Cody sorrise e zoommò la registrazione che Serling aveva già avviato sull’XRL e si fece già una panoramica.
“Il nucleo è costituito da fotoni altamente instabili che, se entrati con le molecole dell’ossigeno, rischiano di distruggere più di un terzo del pianeta” spiegò il ragazzo.
“Ed è protetto da un capo energetico” aggiunse un Gungin molto magro.
“Sì. E forzando il campo energetico potremmo arrivare al nucleo… ma rischieremmo ugualmente di compromettere la terra. C’è un solo metodo per distruggere l’XRL… ma non mi piace per niente” aggiunse Cody, sbiancando.
“Cioè?”.
“Il DNA mutante dei cloni e delle tartarughe sono uguali e diversi. Sui loro corpi giacciono una grande quantità di micro-particelle mutanti che potrebbero far collare l’XRL”.
“Ma dov’è il problema?” chiese il leader.
Cody inspirò profondamente e rispose. “Che in questo modo ci sarebbe i ragazzi potrebbero… non sopravvivere.

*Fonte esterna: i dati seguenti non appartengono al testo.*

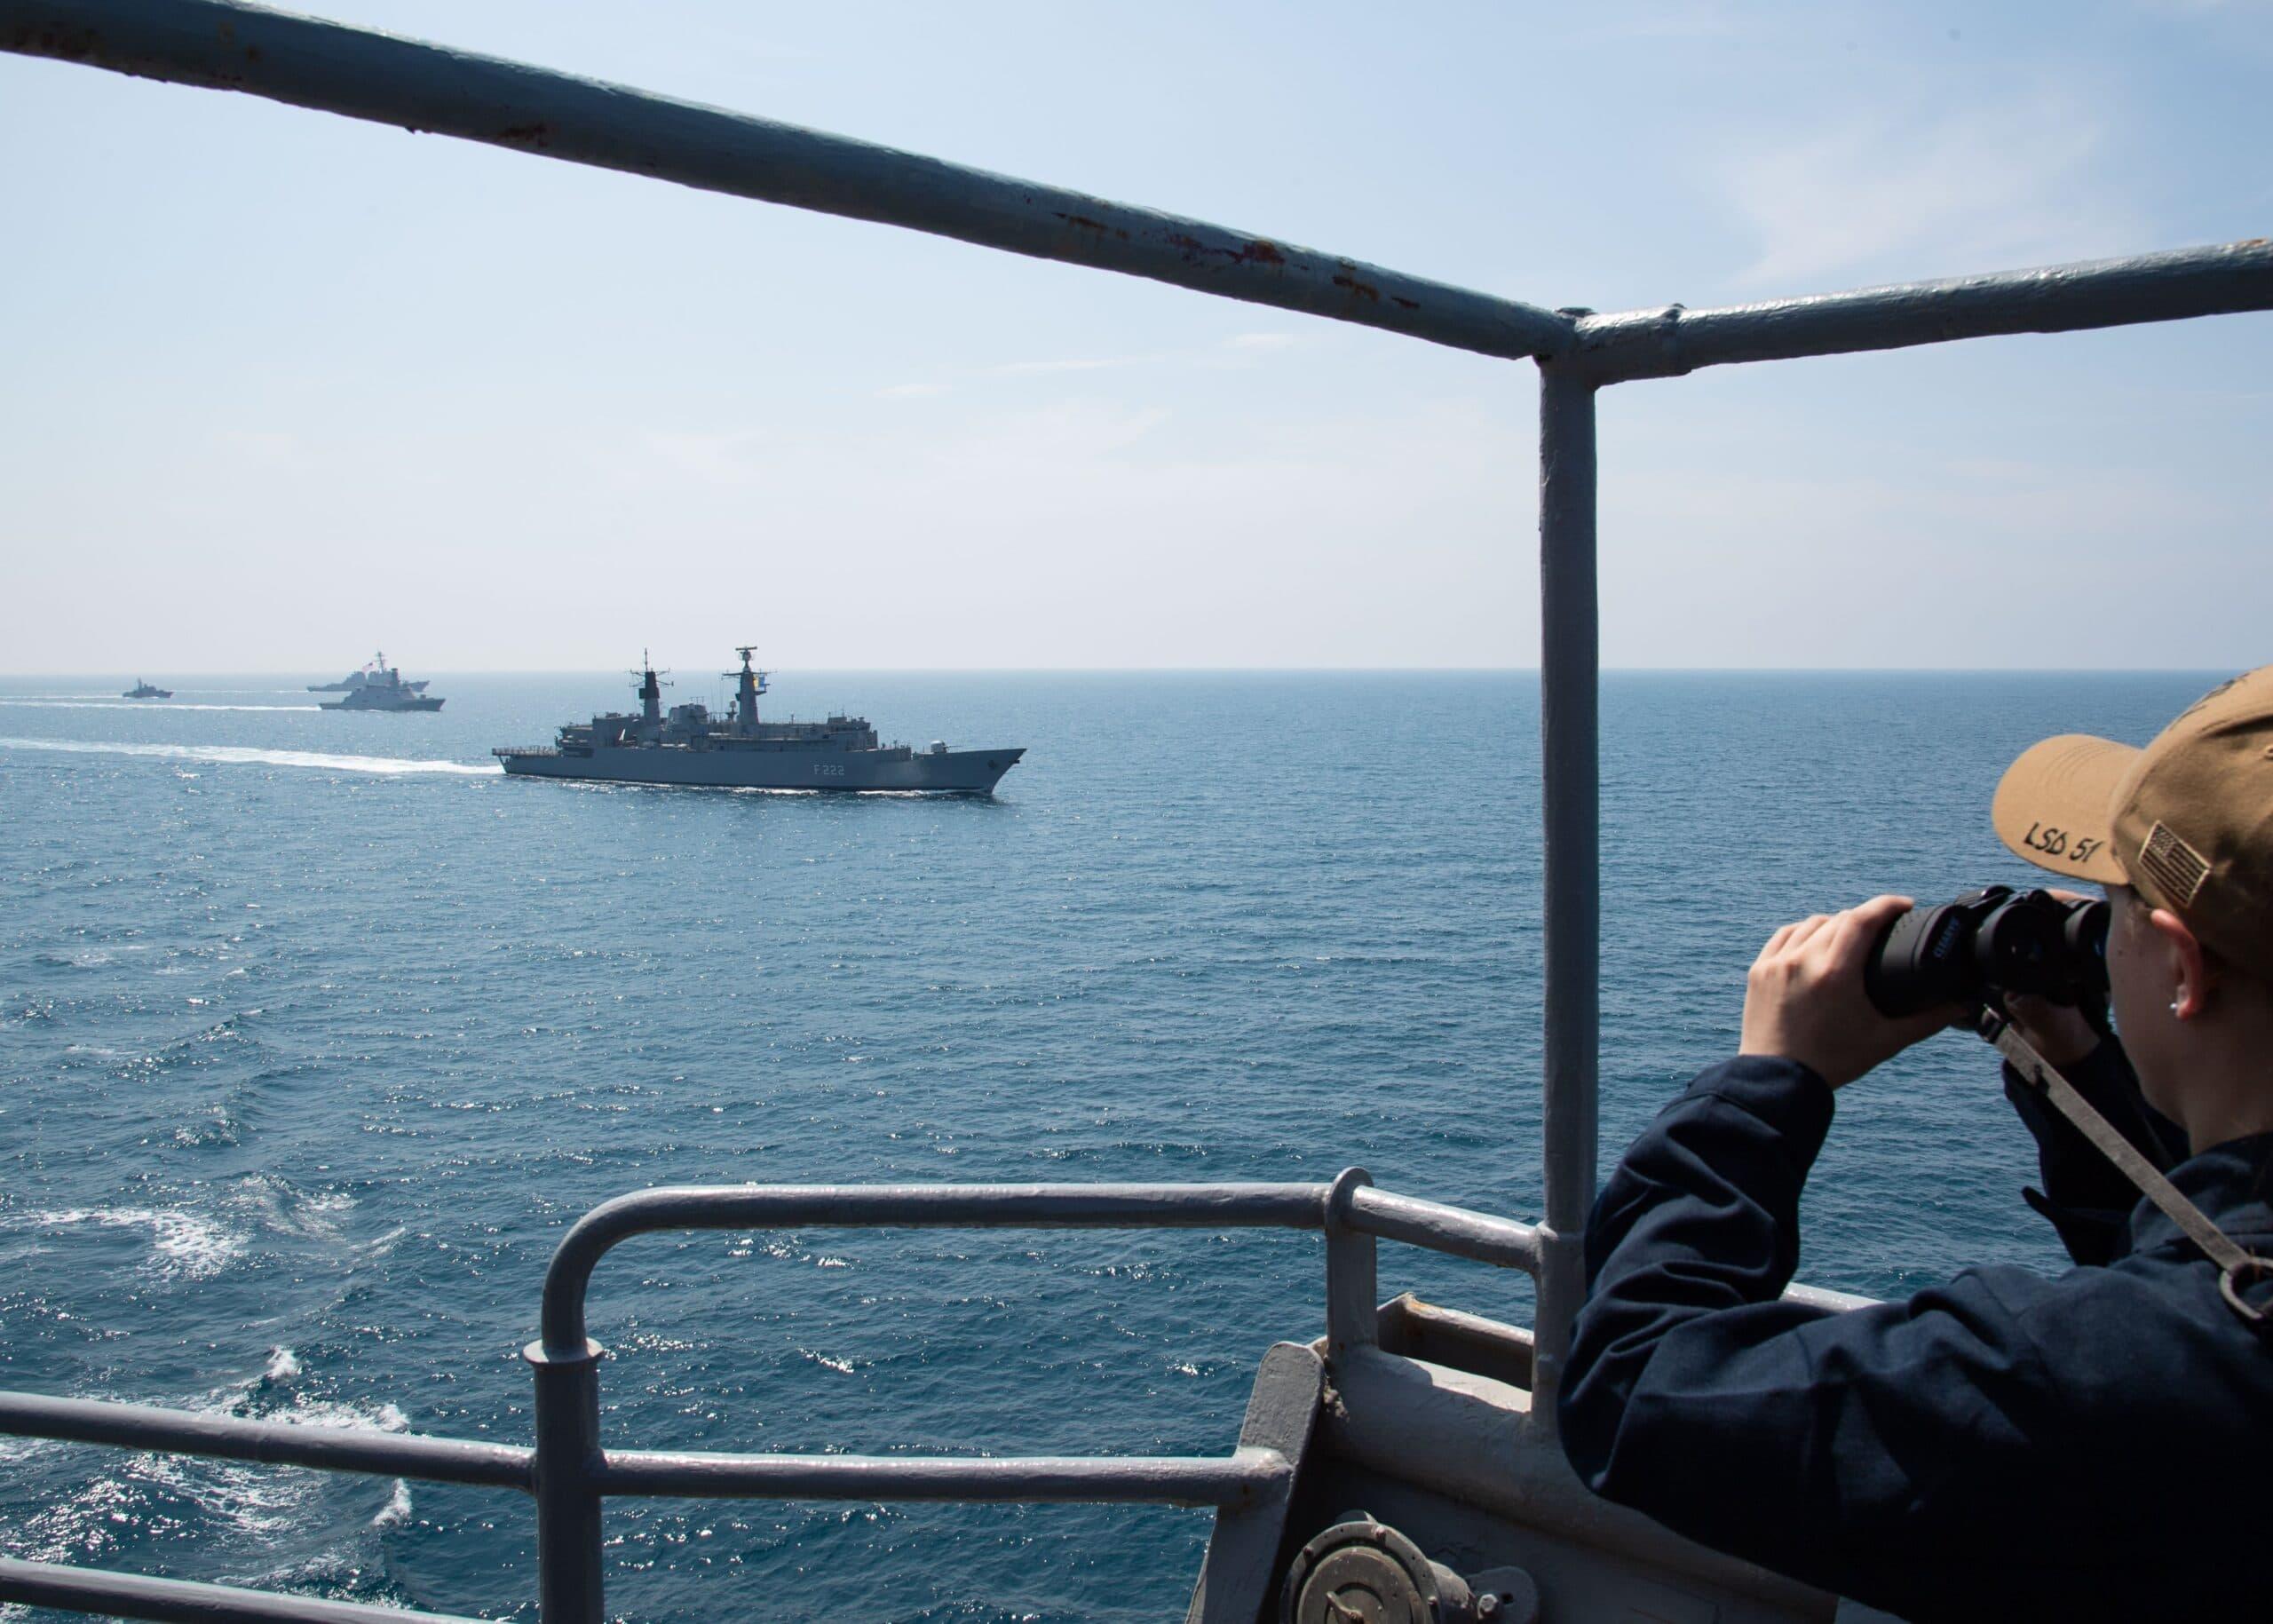 blacksea exercise 3 scaled - naval post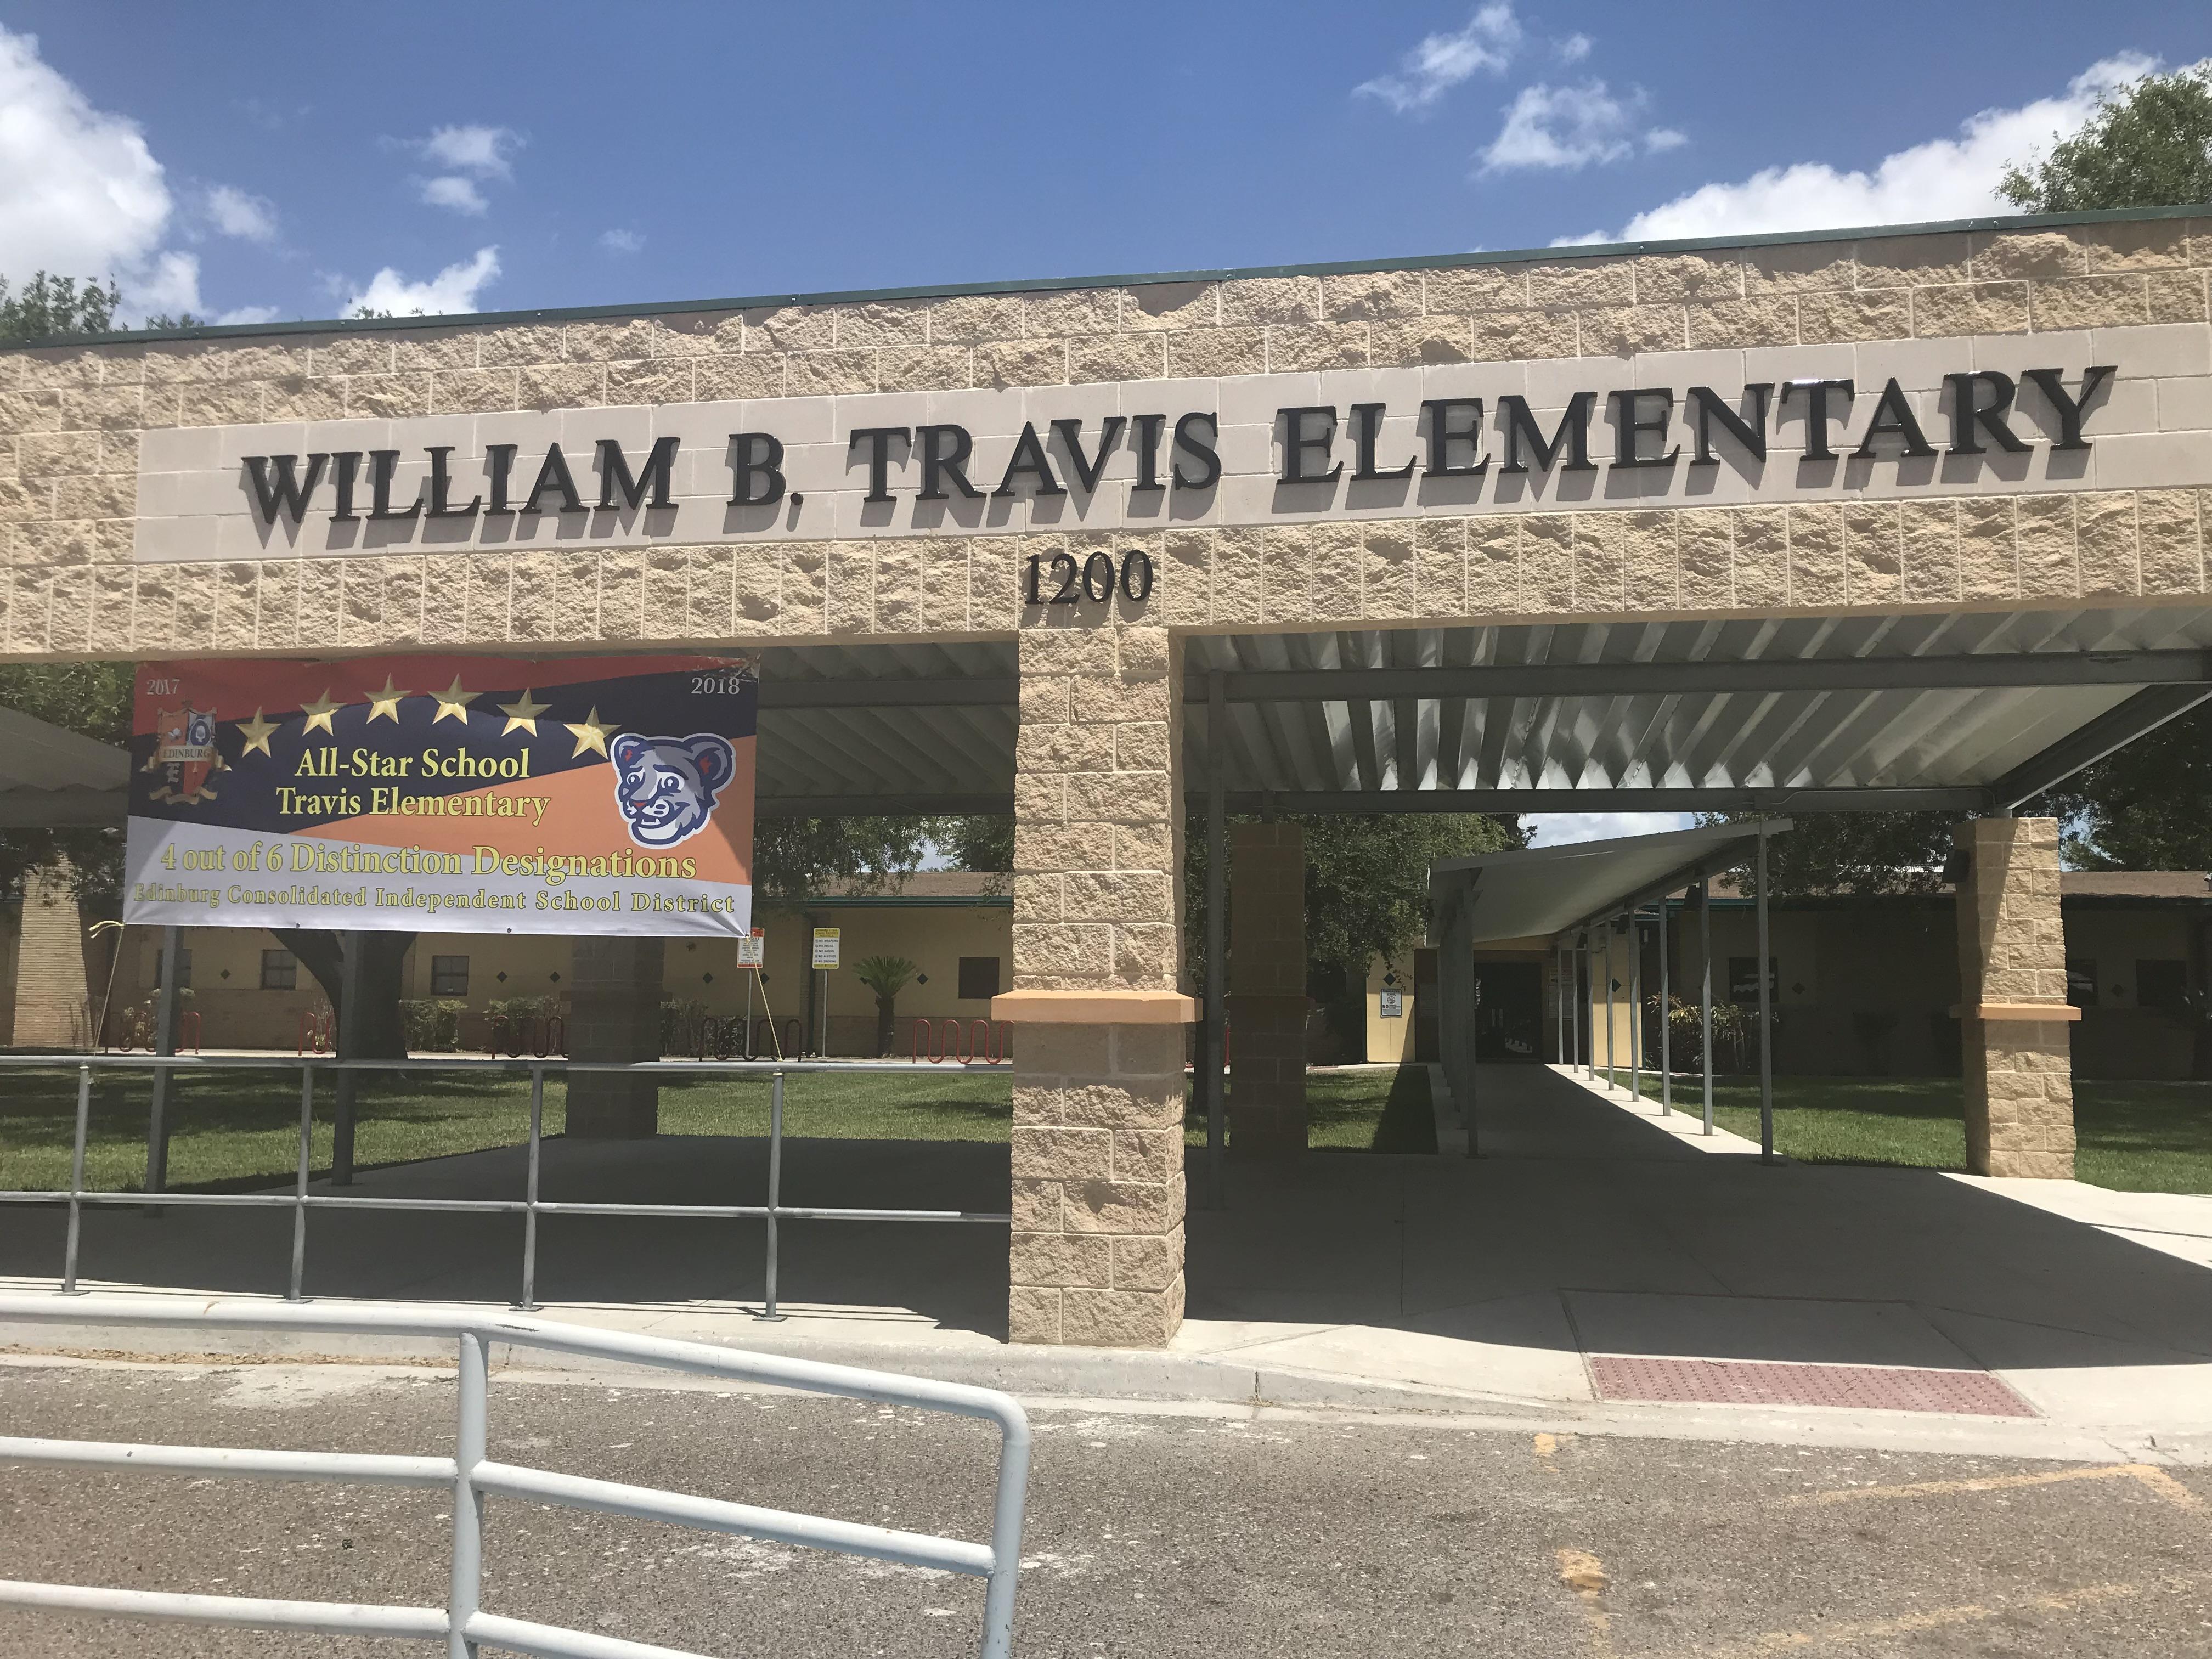 Wm. B. Travis Elementary

I loro corpi potrebbero disintegrarsi a causa dell’enorme energia di natura elastica che verrebbe a crearsi”.
Gli Inuwashi chinarono il capo e guardarono il congegno maledetto. Non c’era altra soluzione, allora.
“E di che lamenti, scusa? I ninja sono sempre pronti a sacrificarsi!”.
Cody e i quattro Gungin guardarono più in basso, dove sette figure erano appena giunte con tanto di tuta spaziale per respirare meglio e un jetbag sulle spalle.
“RAGAZZI!” esclamò Cody, felice.
Dark!Leo, Dark!Raph! Dark!Don e Dark!Mikey. Poi c’erano anche Don e Leo.
“Raph?” chiese la testa rossa.
“E’ rimasto con il sensei. Anche se non ha preso bene di restarsene in disparte” spiegò Leonardo…
 
“Novità?” chiese Splinter, avvicinandosi ai figli.
“No. Ancora no” rispose Leo, seduto accanto a Raph.
“Neanche per me. Sono ancora cieco!”.
“Sensei, dov’è Cody?” chiese ancora Leonardo, stringendo la mano del focoso.
Il topo raccontò brevemente della decisione presa da Cody e Leonardo scattò in piedi, proprio in contemporanea all’uscita di Donatello dalla sala operatoria, con un viso scuro e rigato di lacrime rapprese.
“Ho sentito l’ultima parte” mormorò deciso. “Andiamo, Leo. Penso di sapere dove trovare delle tute e jetback per raggiungere l’XRL”.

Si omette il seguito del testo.